Exercise aim: Retype only the lines below from the one with "100+ Tapestry Ideas" to the one with "MTO - Sydney", inclusive, skipping every image.

Supplied records:
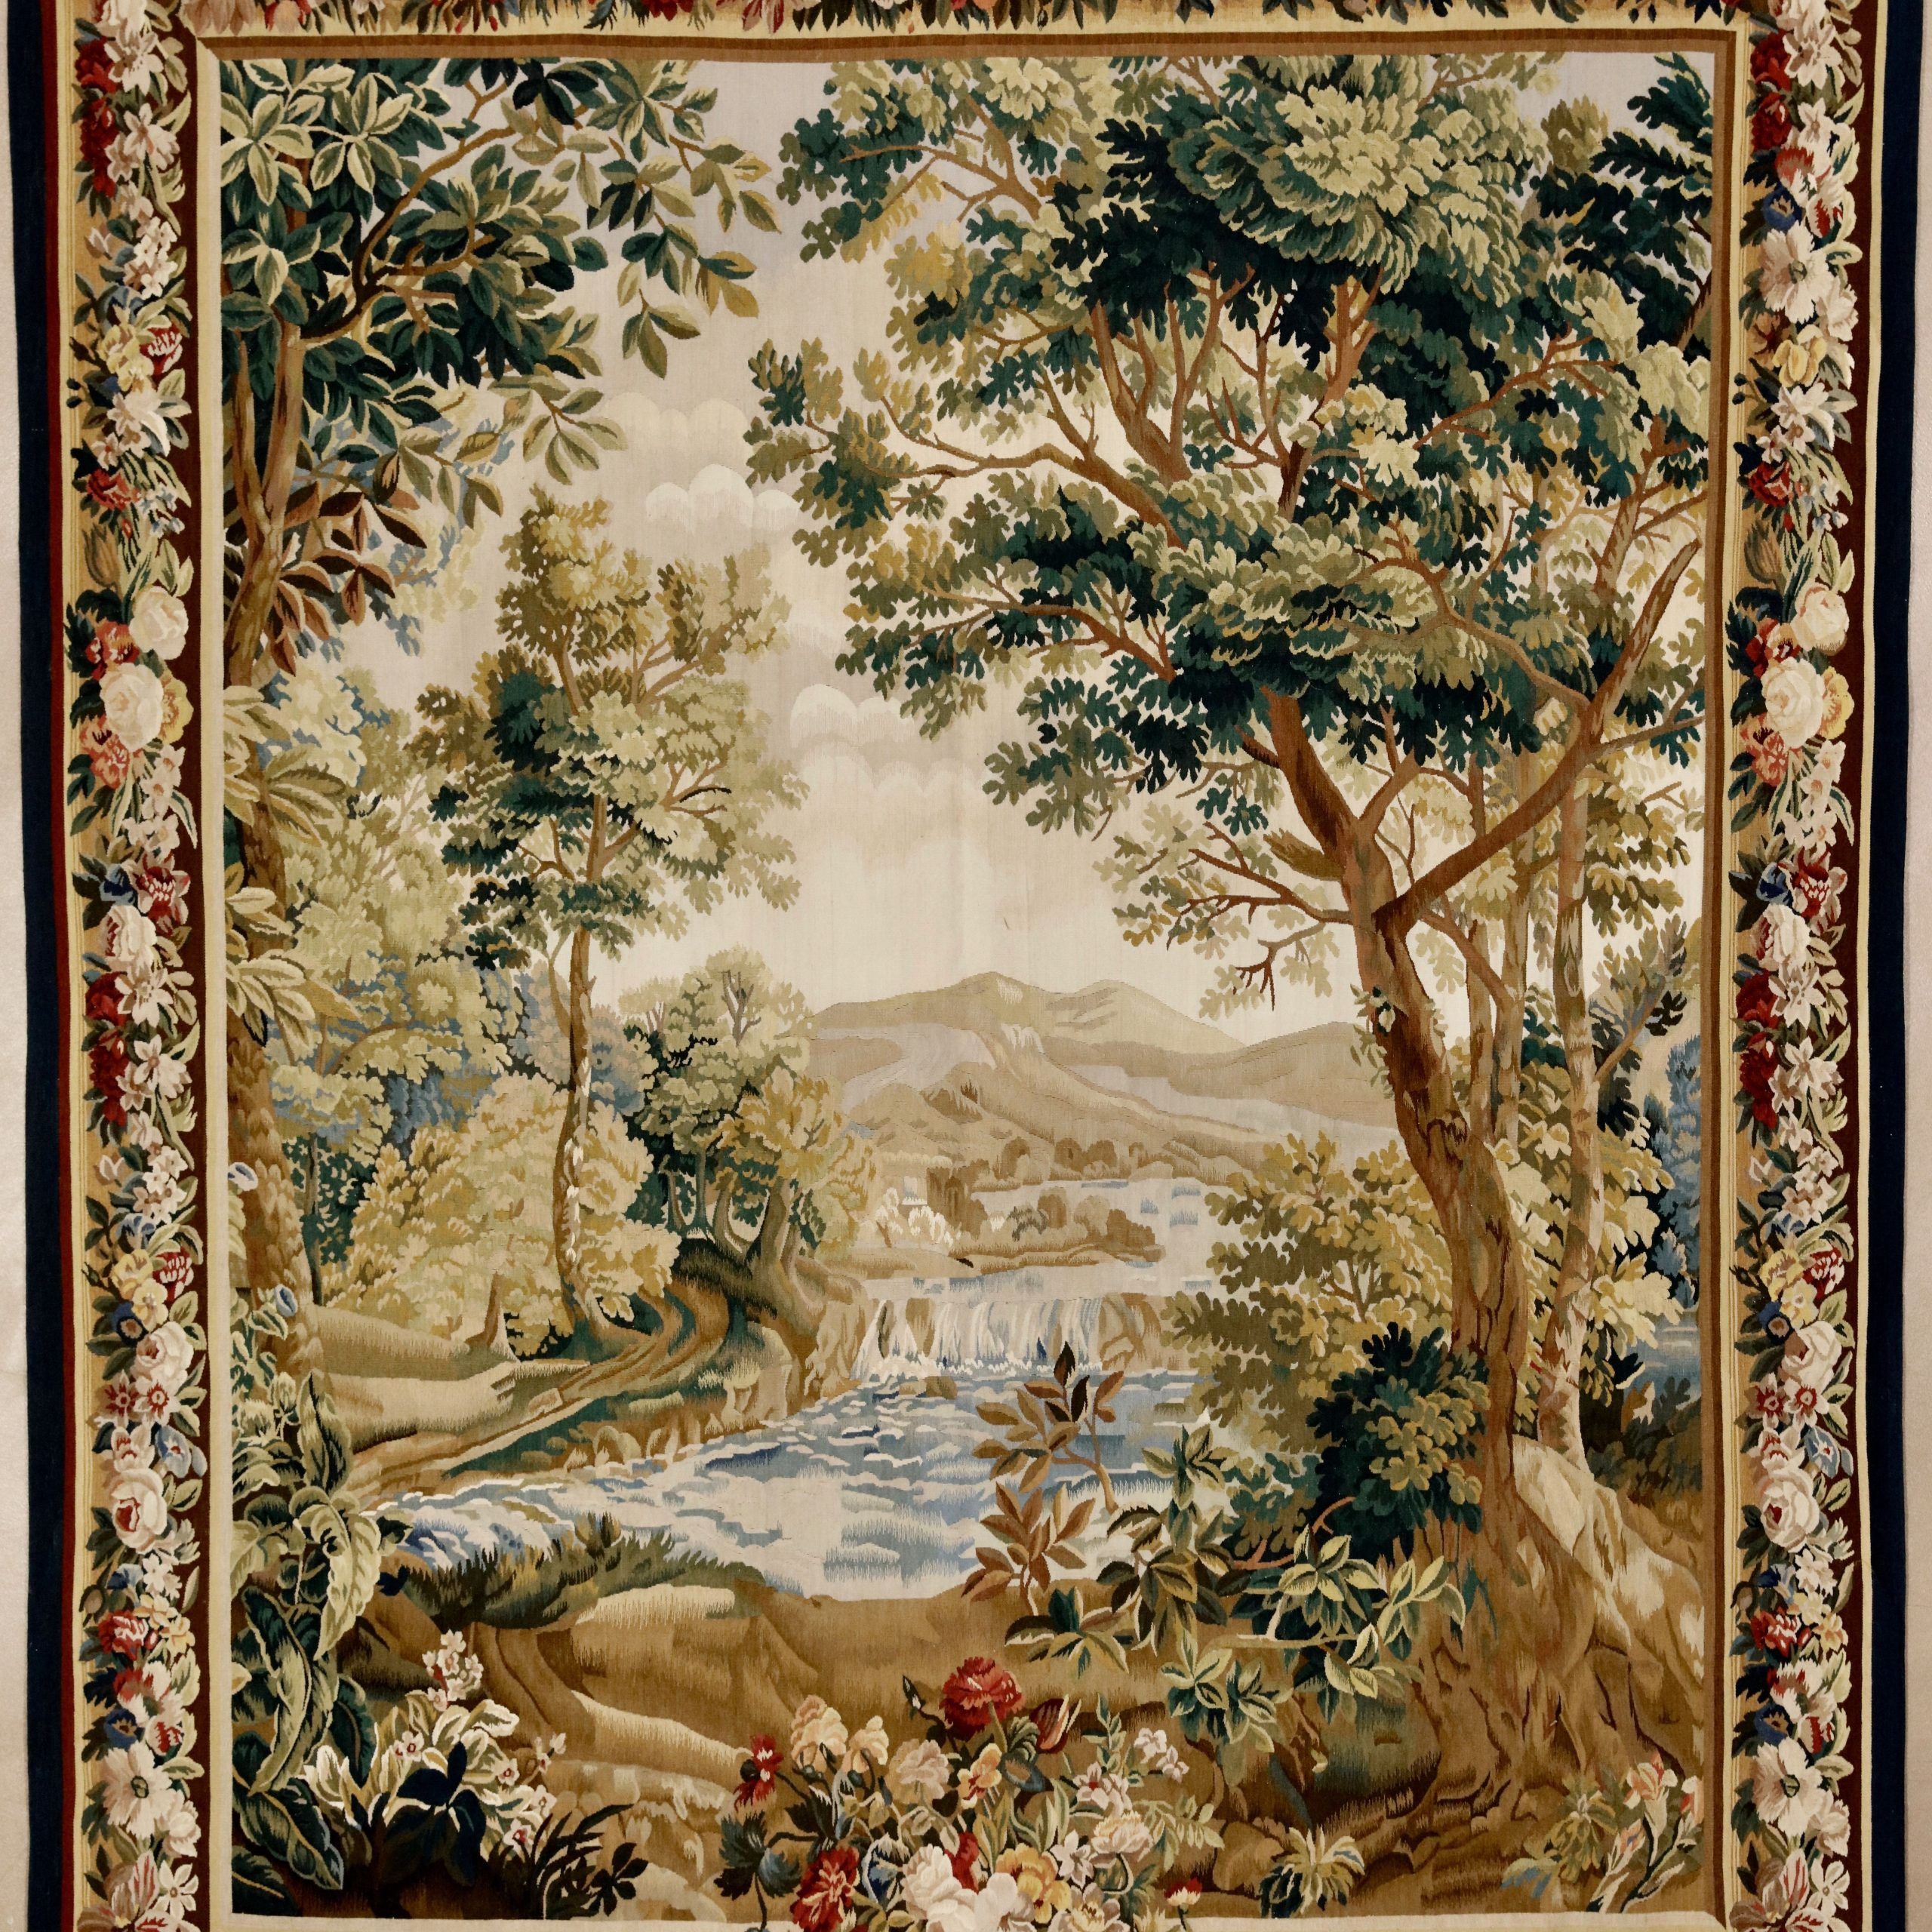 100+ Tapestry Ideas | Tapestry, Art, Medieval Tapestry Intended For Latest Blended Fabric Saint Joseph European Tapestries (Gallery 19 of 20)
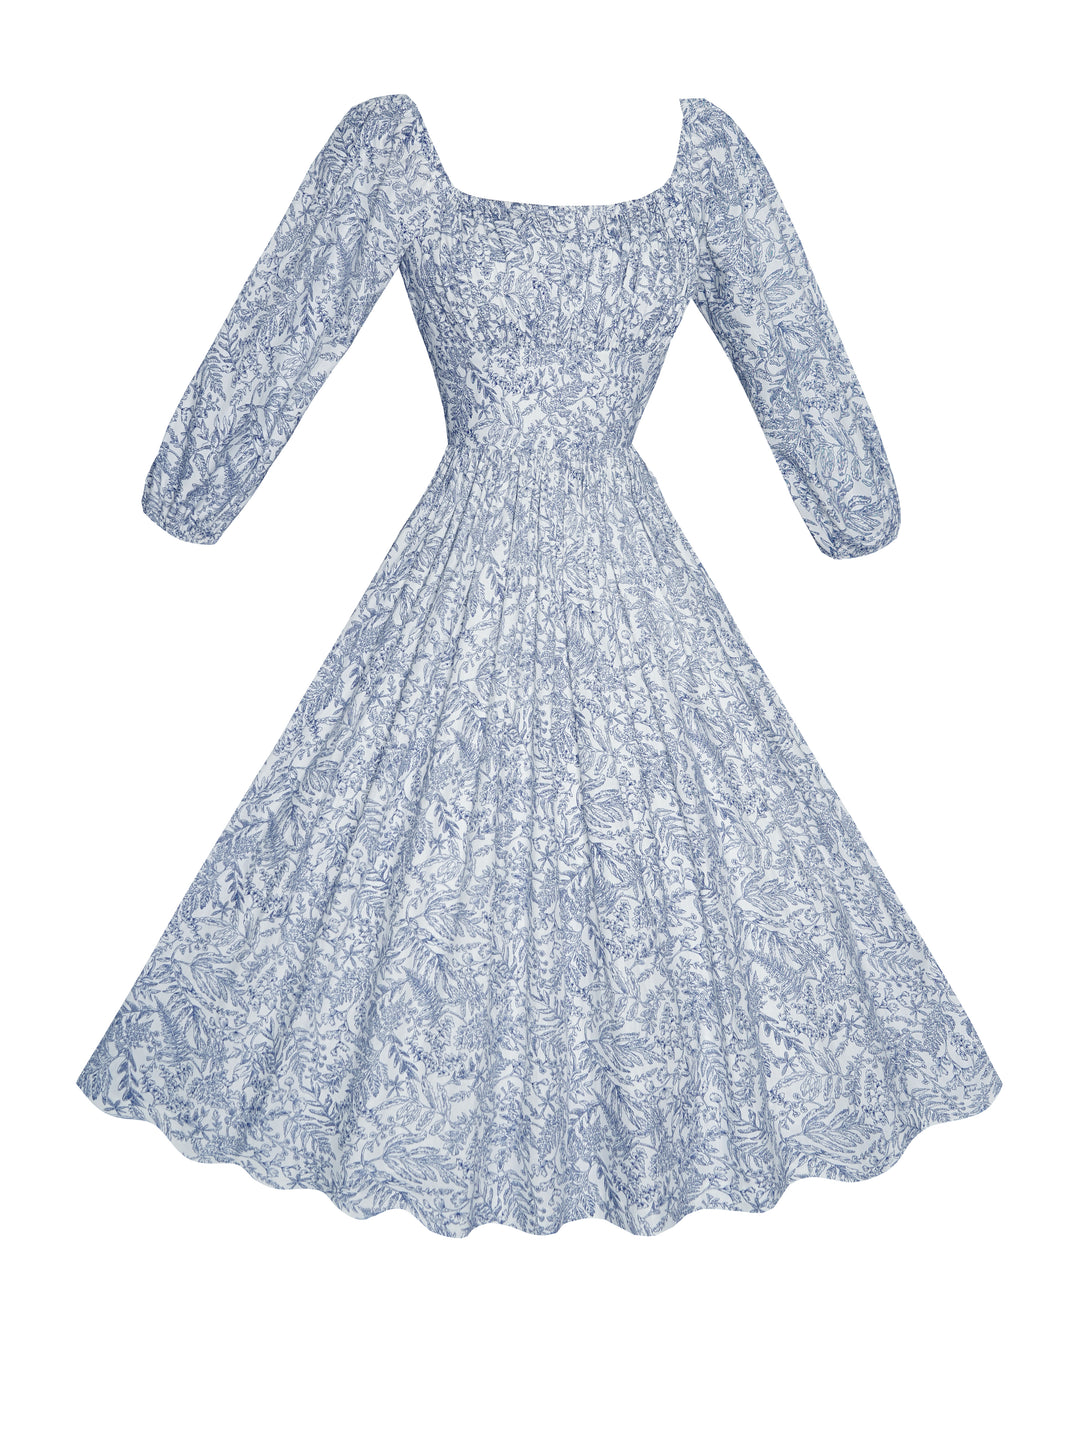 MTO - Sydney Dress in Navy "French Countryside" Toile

--

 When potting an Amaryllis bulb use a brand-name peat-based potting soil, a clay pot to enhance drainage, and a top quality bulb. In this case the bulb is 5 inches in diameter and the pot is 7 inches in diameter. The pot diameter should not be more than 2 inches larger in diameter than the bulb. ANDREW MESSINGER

Answer for the task:
 100+ Tapestry Ideas | Tapestry, Art, Medieval Tapestry Intended For Latest Blended Fabric Saint Joseph European Tapestries (Gallery 19 of 20)
 MTO - Sydney Dress in Navy "French Countryside" Toile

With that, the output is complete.